November Financing Market & Trading Desk Commentary
By Scott Taccati
Continued improvement has occurred with overall yields in October, and FINALLY spreads for HUD multifamily product has finally begun to tighten after 4 + months of widening. As of this writing spreads have tightened up almost 30 basis points over the last two weeks of October! We are presently at rate levels experienced in mid-August for HUD deals, being priced in the 4.25% to 4.375% range. A nice improvement from the 4.50% to 4.65% range experience last month. The spreads are still much higher than they were just a few months ago, however who knows if they will ever reach those levels again when rate expectations are nothing but up.

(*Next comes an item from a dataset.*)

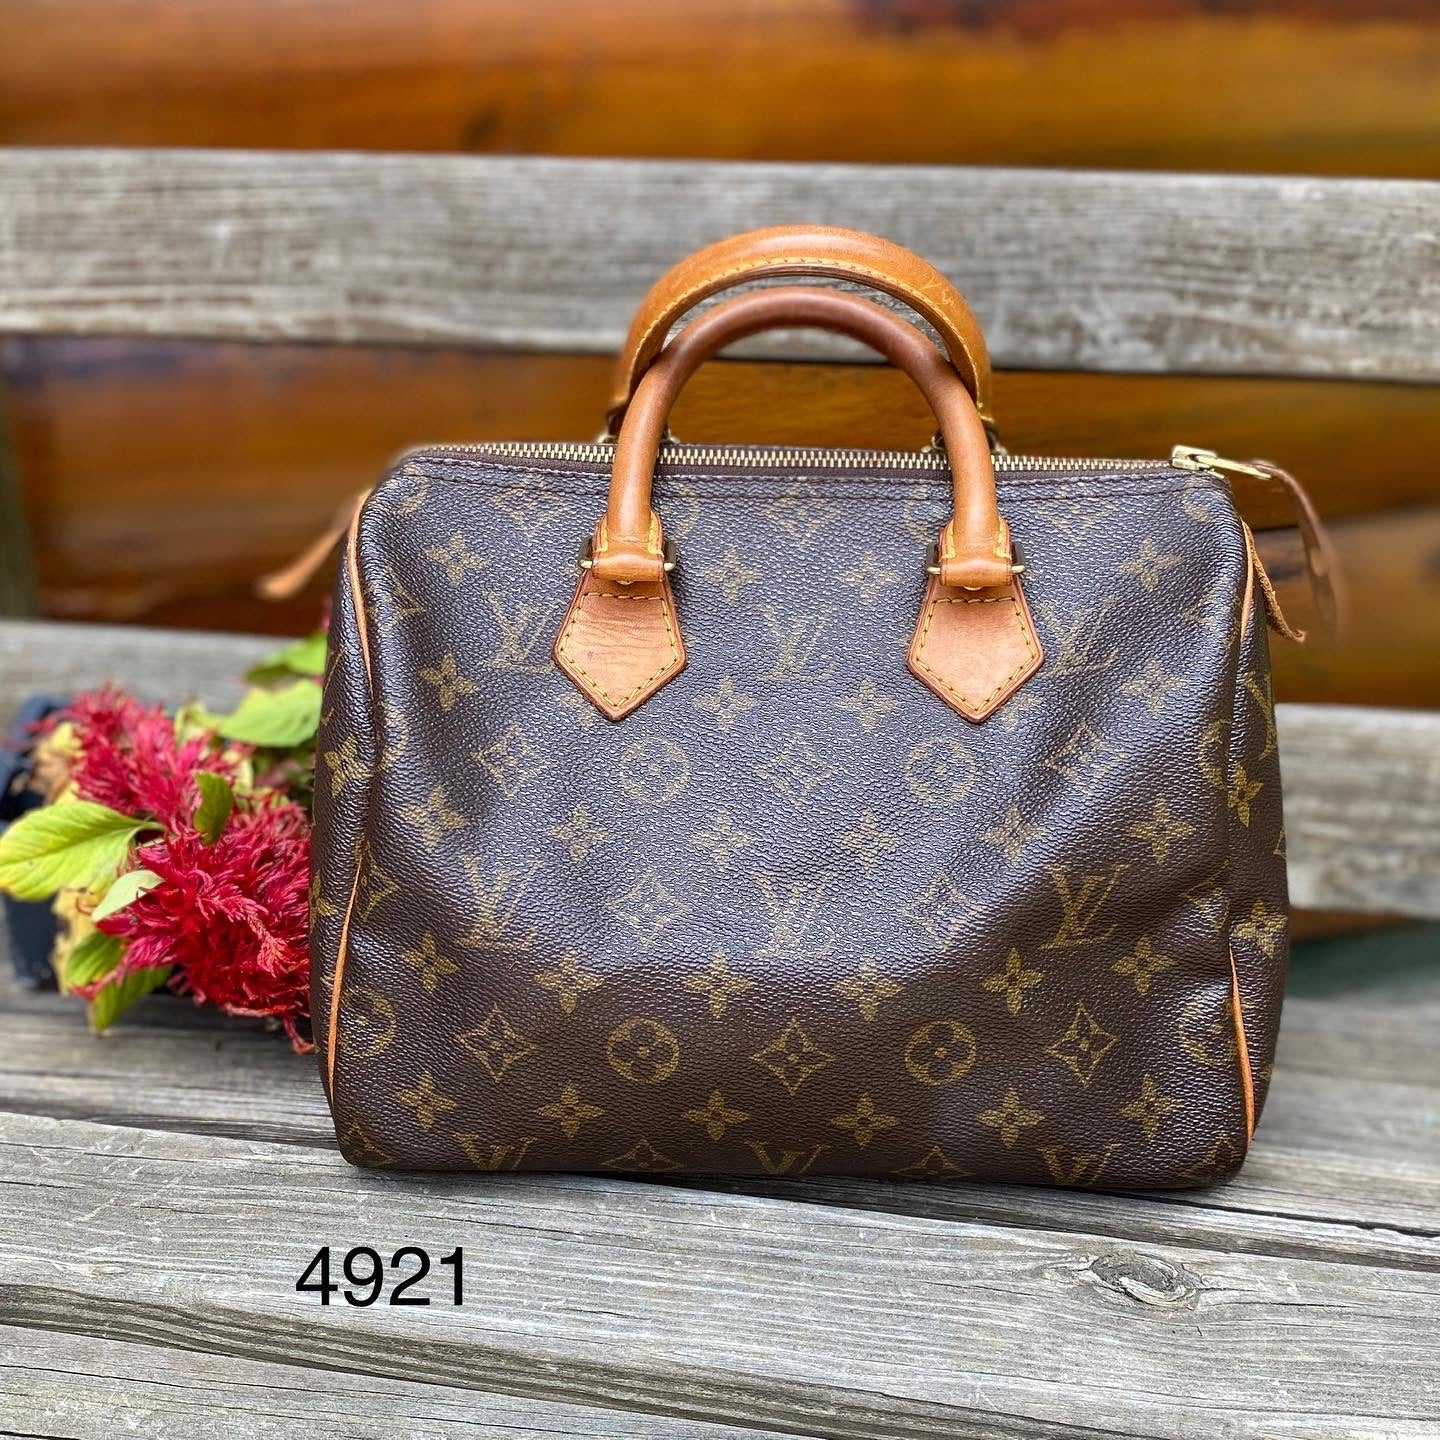 Preloved Louis Vuitton Speedy 25 Monogram Bag SP0978 060623 – KimmieBBags  LLC

As for the general level of interest rates, the FED has continued to express its intention to purchase single family MBS securities and Treasuries into next year at $85 billion per month. The continued need for easy monetary policy is still on the horizon for some time to come until consistent data points to economic growth and acceptable employment levels. Tapering will in fact occur, but not this year! The GNMA trading desk has seen very anemic activity with fewer deals coming to the market for investors to bid on. For instance, in October of last year through October 30th, 2012, there were 213 loans priced at an average interest rate in the mid to upper 2% range. This October is just over 12.5% of that total with only 29 loans delivered to the market at rates approximately 175 to 200 basis points higher than one year ago. Of course, this anemic activity is due to HUD commitment authority running out in August, the government shutdown, and the overall rise in interest rates. GNMA bids have been inconsistent, but the overall near-term direction appears to be flat or lower.

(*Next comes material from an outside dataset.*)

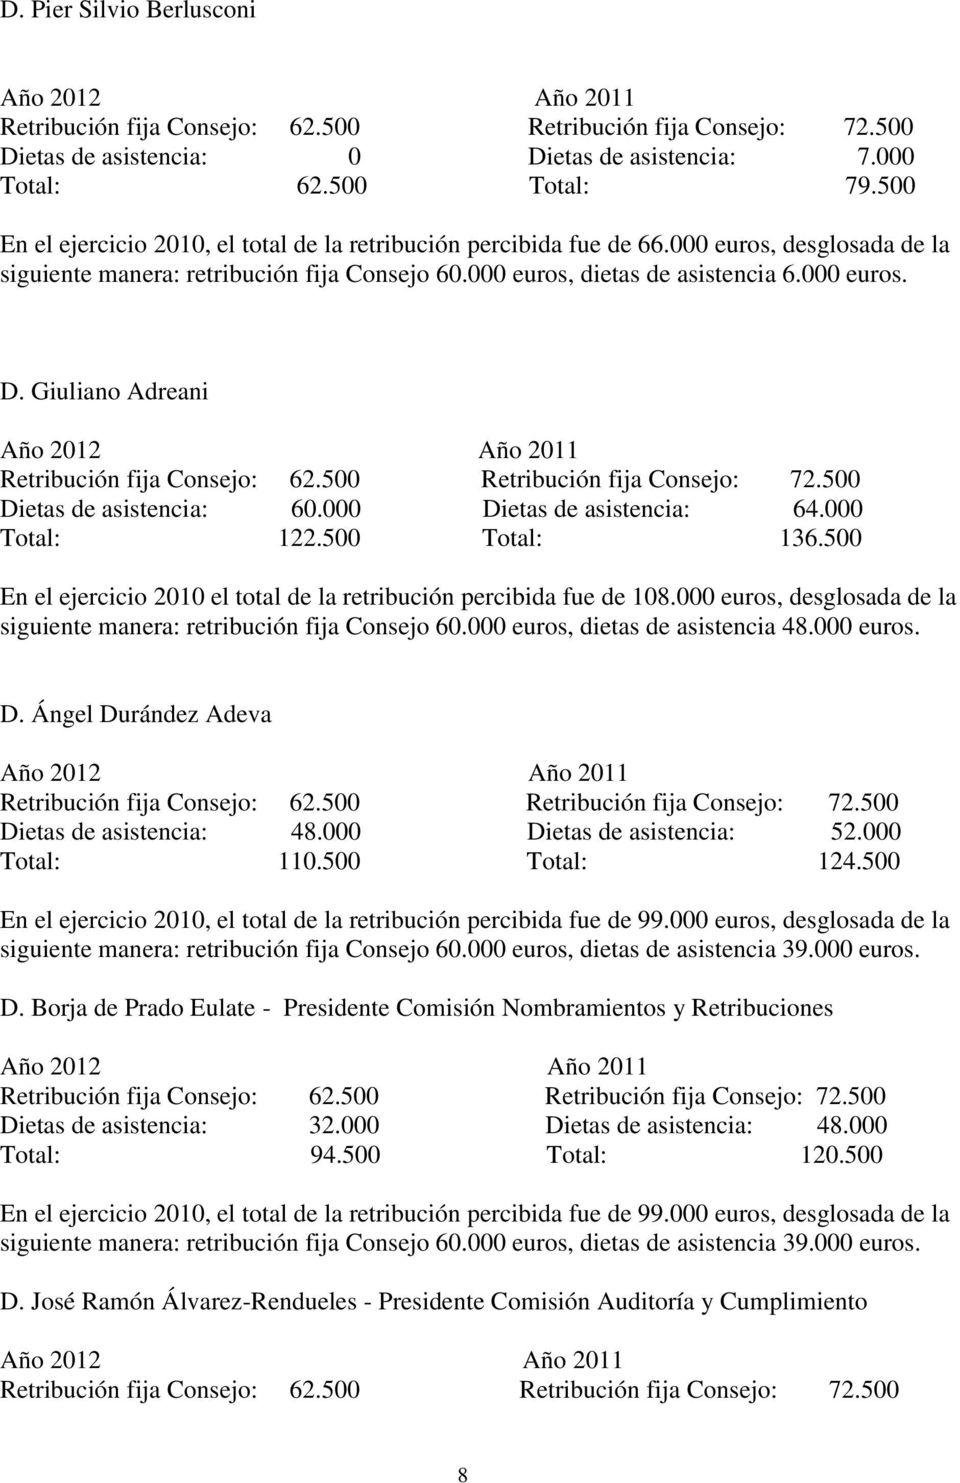 000 Total: 122.500 Total: 136.500 En el ejercicio 2010 el total de la retribución percibida fue de 108.000 euros, desglosada de la siguiente manera: retribución fija Consejo 60.

Agency financing for 10-year money is in the upper 4% range for maximum leverage of 80%. Life company financing is in the 4.5% range for 10 years, however leverage ranges from 65% to 75%. HUD financing fixed for 35 years with MIP will be in the upper 4% range priced today. Life company financing has generated significant market share over the last two quarters due to comparison rate levels for alternative financing. Please note that the life company box is generally very specific as it relates to market, class of property, location and lower LTV ratios.
Please remember Trillium facilitates financing for all property types, representing a number of lenders. We will not be outbid on any financing deal!
10 Year Treasury:
Low 2.48 High 2.76
30 Year Treasury:
Low 3.57 High 3.79
HUD Multifamily Est:
Low 4.25 High 4.50
TCR is pleased to announce the successful commitment obtained from HUD for $5.5 million on a Class B grade apartment project located in Macon, Georgia. It is expected to close by year end and will be rate locked in the lower 4% range.